Art's Dirty, Big Secret

An old email prompts thoughts of a year in review

As one British constable put it in a BBC article detailing how "criminal gangs are increasingly targeting high-value works of art" in Britain and Europe: "Where there's money to be made, organised criminals will move in if we don't stop them." But the issue the art world faces today is not just about Russian mobsters or auction-house sharks in pinstripes. It's about emails sent by normally stand-up guys offering access to "insider information" regarding artists whose careers are treated not even like pork bellies, but like fixed football games.

Elba Esther Gordillo
Elba Esther Gordillo

When I met Peter Hort for lunch and asked him about the email I'd received, he seemed positively nonplussed.

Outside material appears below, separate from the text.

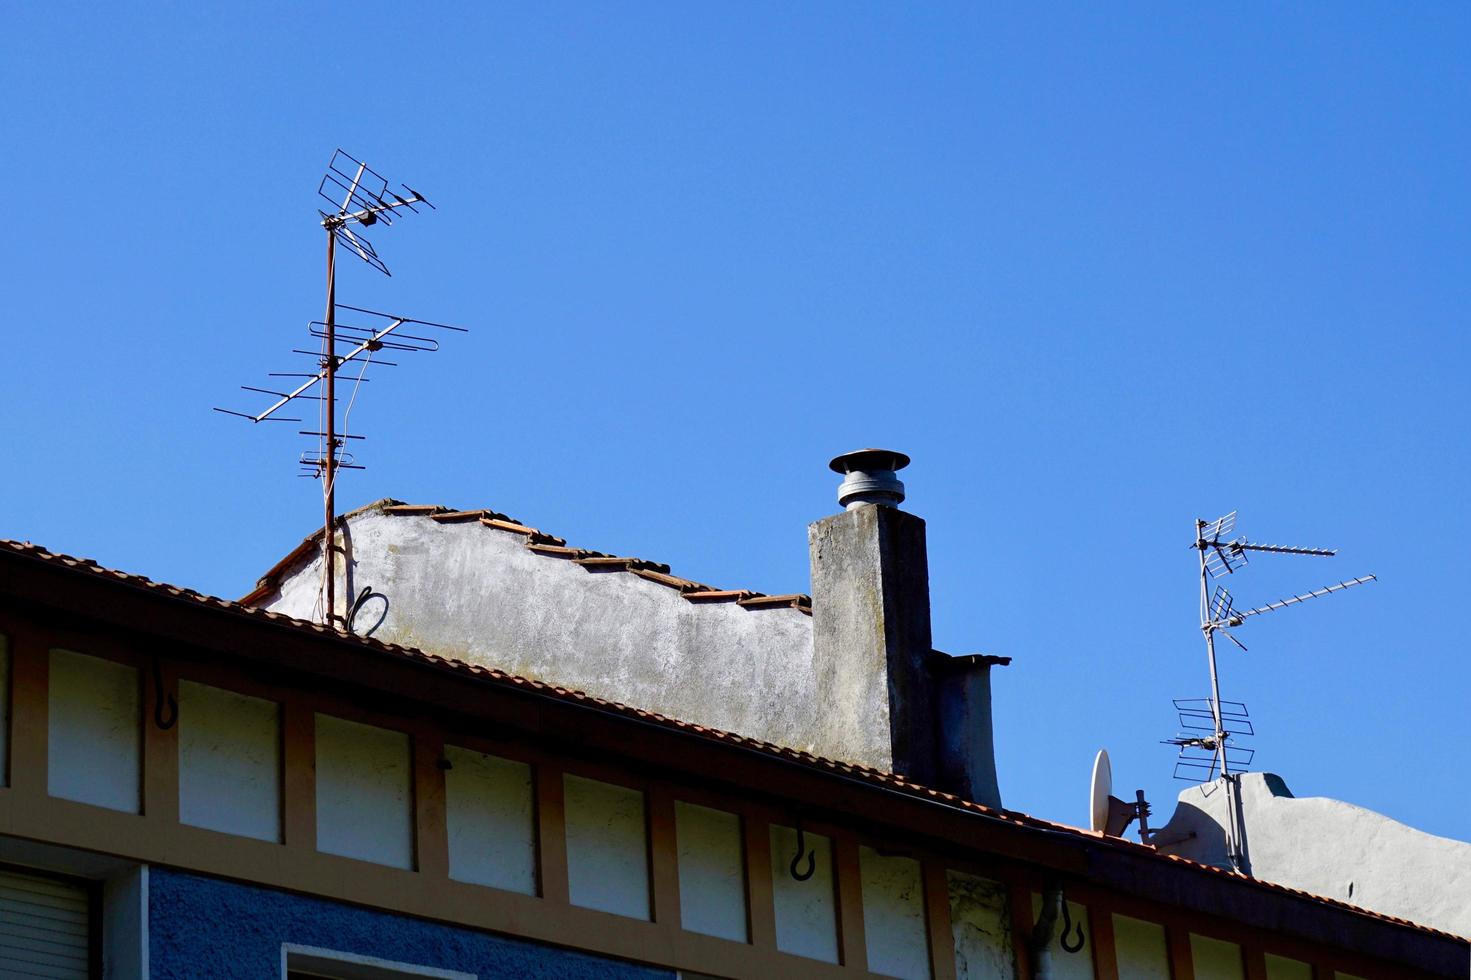 antena de tv en la azotea de una casa foto

The art world was like "the Wild West," he offered jauntily, and "driven by inside knowledge" that was "fully legal," if certainly less than fair or ethical. But what doesn't bother him and other players is news to many inside the art world, and fundamentally shocking to most people outside its cliquish confines. The big secret in the art world is that today nearly everyone agrees that art is a dirty business, though few speak out for fear of banishment from the ultimate insiders' club. It's high time the art market was cleaned up: by the government, by self-regulation, but above all by a resolve among club members to straighten out a trade that, when measured against any other legal industry, is downright criminal.